Now he approached the gates of the citadel. He saw long dark marks run up the walls, blacker than the grey stones. He saw them spread from the high arched windows and he smelt burning once again. As he lifted his arm to pound on the doors, the heavy iron swung in, opening away from him. He could hear, but not feel, the wind; a faint wailing within. It was the last of the city, the final page of the dictionary. If he had come this far to bury or drive out his ghosts, then he had arrived. His father was dead, the woman in blue was dead, Rosalie was dead. The ghosts which demanded these sacrifices were figures of his past, gone with their victims. If that was enough, it was done.
He walked in through the doors and found himself in a shell. The walls reached up to a block of grey sky for the roof was gone. Smoke streaked the walls and soot crunched underfoot. Blackened stumps of wood projected from the walls where joists had supported higher floors before the floors and their supports were burned away together. The arched windows were gaps caked with black where the smoke had poured out. Fragments of charred wood littered the place. The smell of burning was everywhere. It stung his nostrils. The stone floor and walls seemed still to radiate a faint heat, but whatever had happened here, however the conflagration was begun and whatever the fate of those caught within, the fire itself was long extinguished. The only clues were ashes, smoke, soot. Nothing, they told him nothing.
In the second week of July, Lemprière put down his pen and gathered together the last leaves of his manuscript. He thought of the time it had taken him to write, the eight months since his arrival. But when he counted through his labours it was not from the A to Z of his dictionary which marked his time in the city.

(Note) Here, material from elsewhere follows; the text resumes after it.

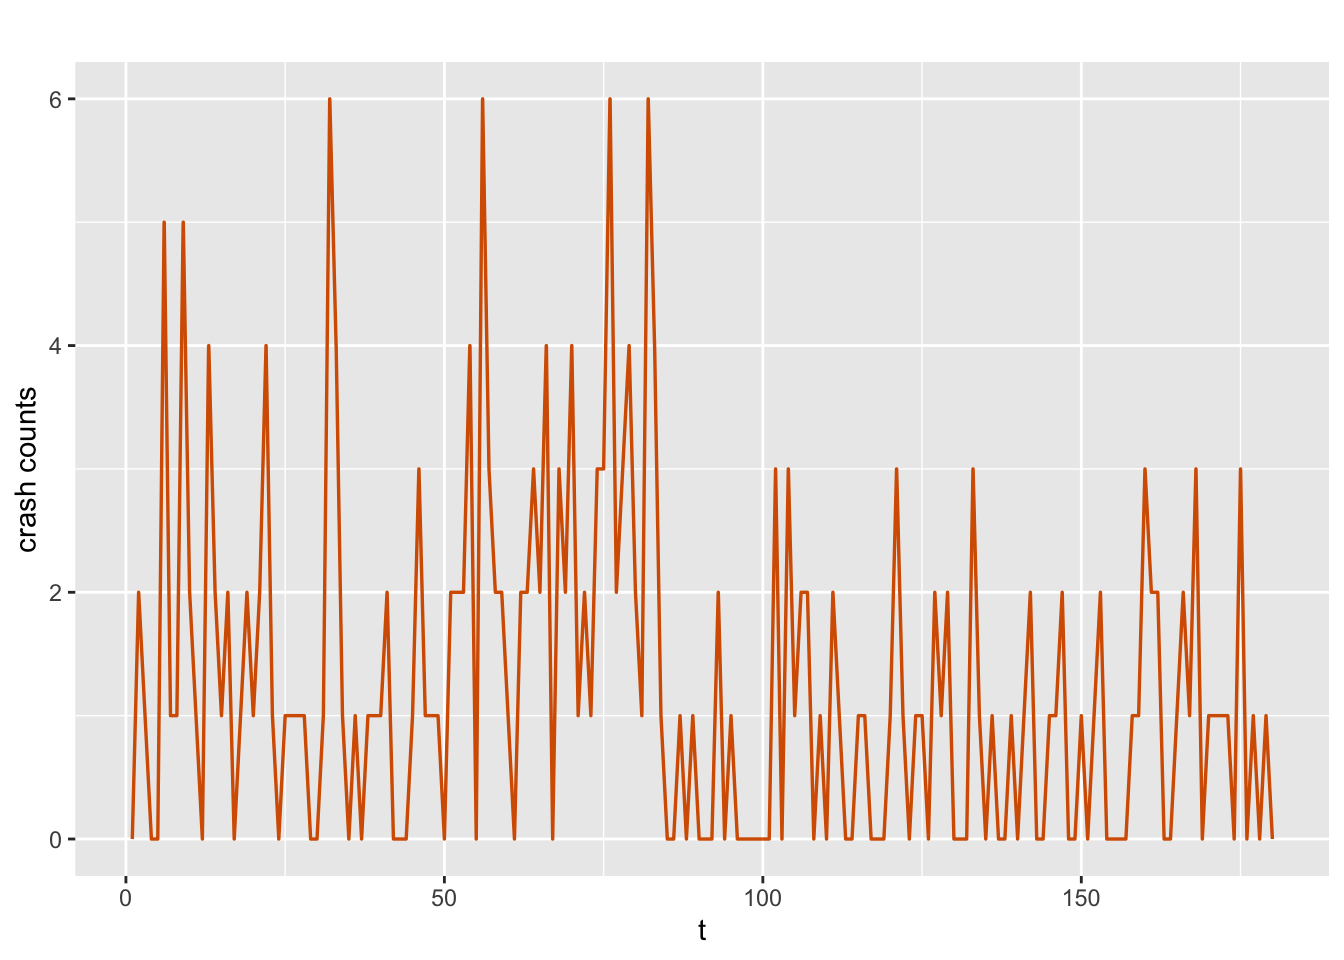 Time series of crash counts.

He saw Septimus handing him the bottle in triumph when they had won the Game of Cups together at the Pork Club. He heard his coat rip when a strong hand pulled him out of Farina’s brawl. He saw George’s expression change from bitterness to joy at the mention of the Vendragon. Then he saw George dead in the same room; he saw the woman die in the pit and the girl already dead at Coade’s with Juliette’s face plastered over her own. He saw Annabel Neagle silent in a darkened room in Thames Street and heard the bitter outburst from Alice de Vere, her hopeless appeal to him. Last of all, he saw the coach emerge out of the darkness only to pass him by in the snow with Juliette’s face framed in its window, a different appeal as she sped away from him into the dark. Then he looked down at the last of his dictionary and thought of a city burned to ashes with all its people, and knew that what he had done was not enough. There was more and even if he had run from A through to Z he had not found it.
The resistance of the air was a precise joy, a balance of balances. He soared up on thermals and slow convections into shimmering blue sky. He felt its curves and pressured troughs pushed up into his belly, downdraughts pressing and releasing his back, his whole body an aerofoil sucking lift from flat resistance and holding him there like a shield against the drag that wanted to pull his wings out by the roots and send him tumbling down at metres per second per second to the city below. But he never fell, had never fallen, would never fall. The air roared over and under his body, telling him this; the air above all, not the ground below, was his element.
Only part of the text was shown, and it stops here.